How efficiency provides symmetrical gain that leads to commodification
The problem with focusing on efficiency is that it is a symmetrical gain. In other words, it’s open to everyone.
For example, let’s say your business strategy revolves around better and more widespread use of ChatGPT, Gemini, and Claude. But everyone has access to the same tools and the same approach.
As a result, you run and run, but your competitors will stay with you. You and all those who prioritize efficiency will be caught in a spiral of commodification. Your margins will decrease and the only winners will be the companies you pay to use the tokens.
Neglecting to harness these technologies for efficiency is an even worse proposition. But if your strategy comes down to efficiency, be prepared to fight in the commodities market.

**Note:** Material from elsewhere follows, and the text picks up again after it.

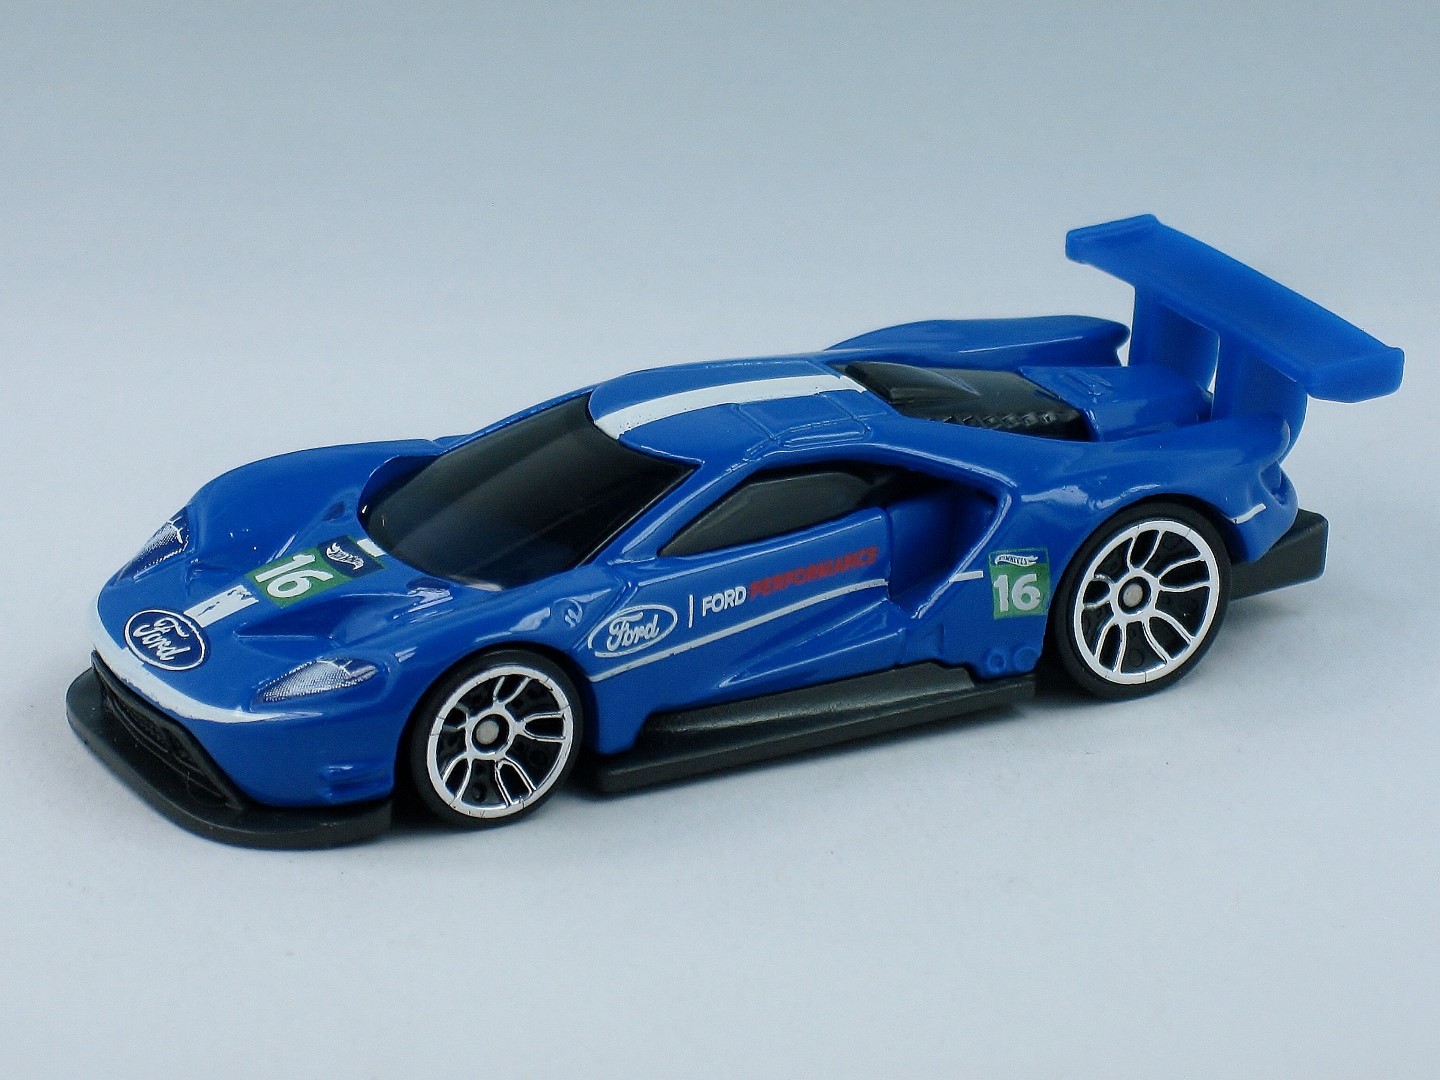 Premium HW Edition Ford GT 1:64 Scale Rare Collectible

How to make progress with an asymmetrical impact
You have to find a way to have an asymmetrical impact. This means that you must have or know something that your competitors cannot. Rather than thinking about competition, start focusing on disruption.

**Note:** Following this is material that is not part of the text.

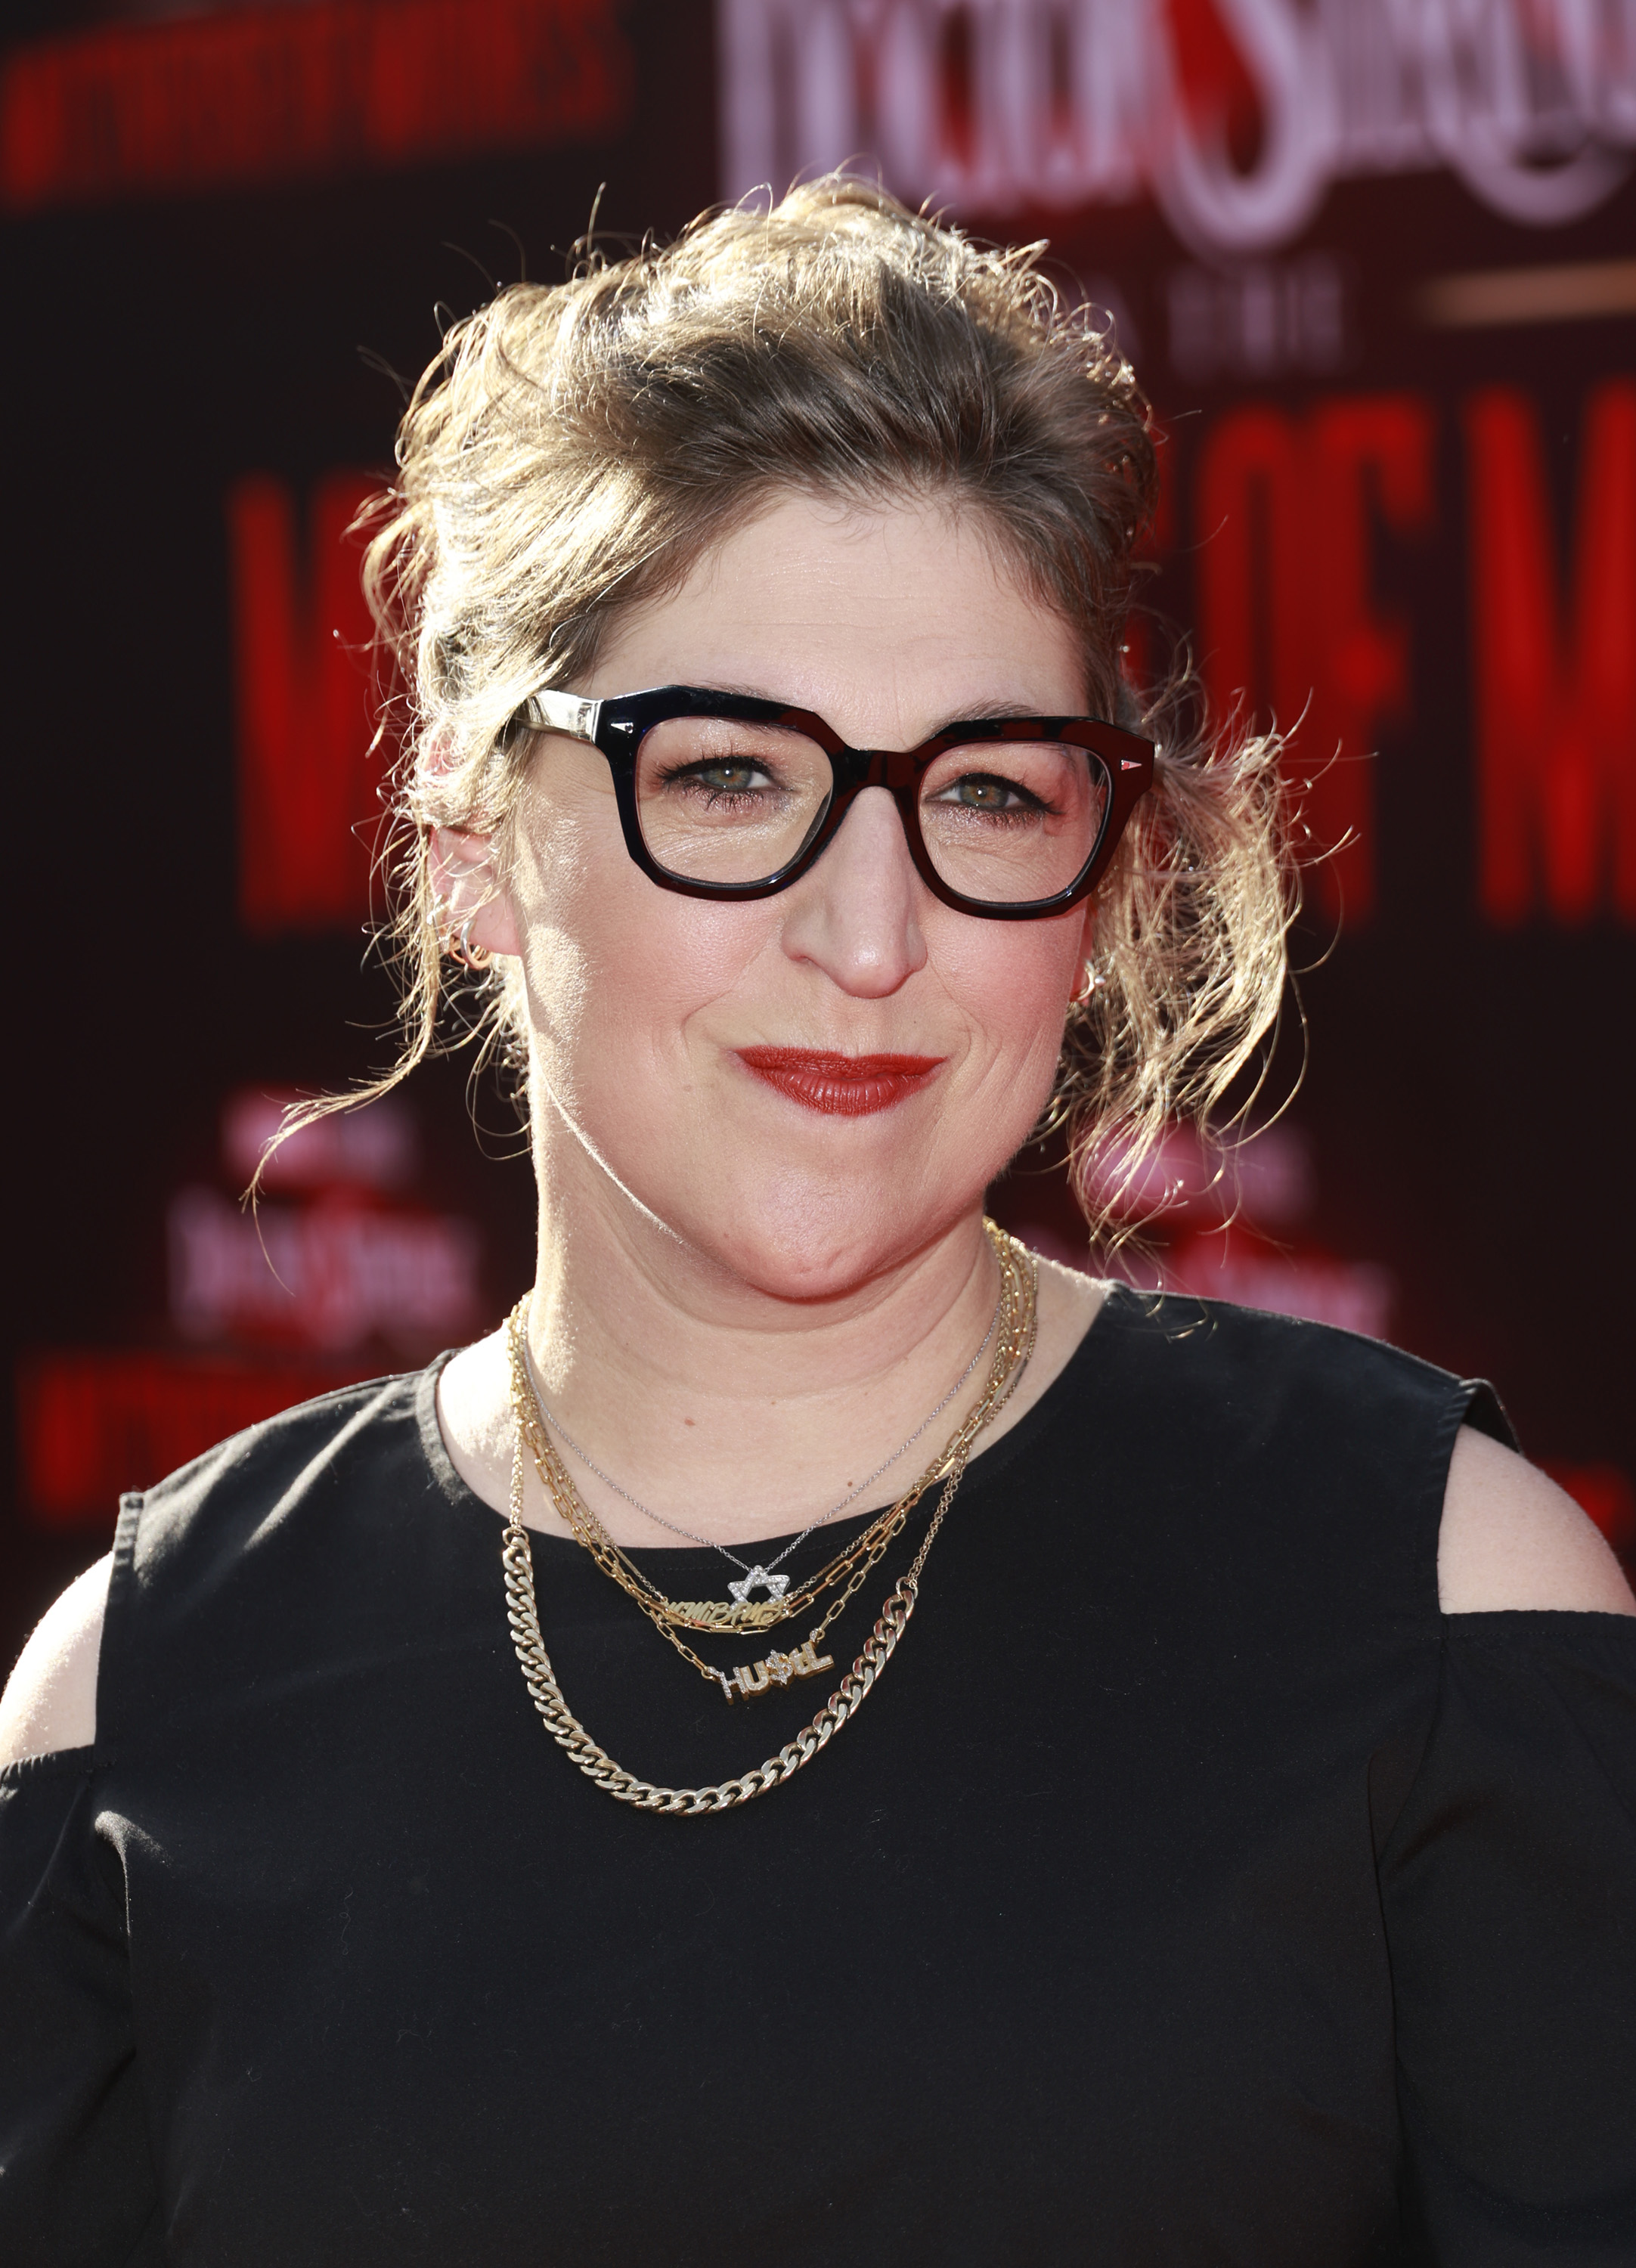 Mayim Bialik attends "Doctor Strange In The Multiverse Of Madness" premiere at Dolby Theatre on May 02, 2022 in Hollywood, California | Source: Getty Images

Let’s say you’ve been selling widgets for 30 years. Instead of working to become the most effective widget seller, think about what will make widgets useless – and how you can make it happen.
How to reframe disruption in the context of loss aversion
Think of disruptions through the lens of loss aversion. Psychologically, people feel more pain from losing something than the joy of gaining it.
But I find it more useful to reverse the equation. As someone who regularly enjoys decluttering my life, I prefer to ask, “If I saw this in a thrift store, would I buy it?” Instead of asking if I want to keep it, I ask if I would want to acquire it in the first place.
What to ask to maximize disruption and impact
More frequently, we need to ask ourselves: If I considered starting this business from scratch today, would I do it? Assuming the answer is “yes”, the next question is: how could I do it, and what do new technologies allow me to do that I couldn’t do back then?
We should focus less on running the business more efficiently and more on scaling it like a startup would. Because if you don’t do it, someone else will.
The questions that define the next phase of marketing growth
These are the tough questions every business needs to ask themselves right now. Those who focus only on efficiency will end up running like the Red Queen and achieving nothing. Those who ask and answer these more difficult questions about disruption will put themselves on a path to asymmetric evolution and impact.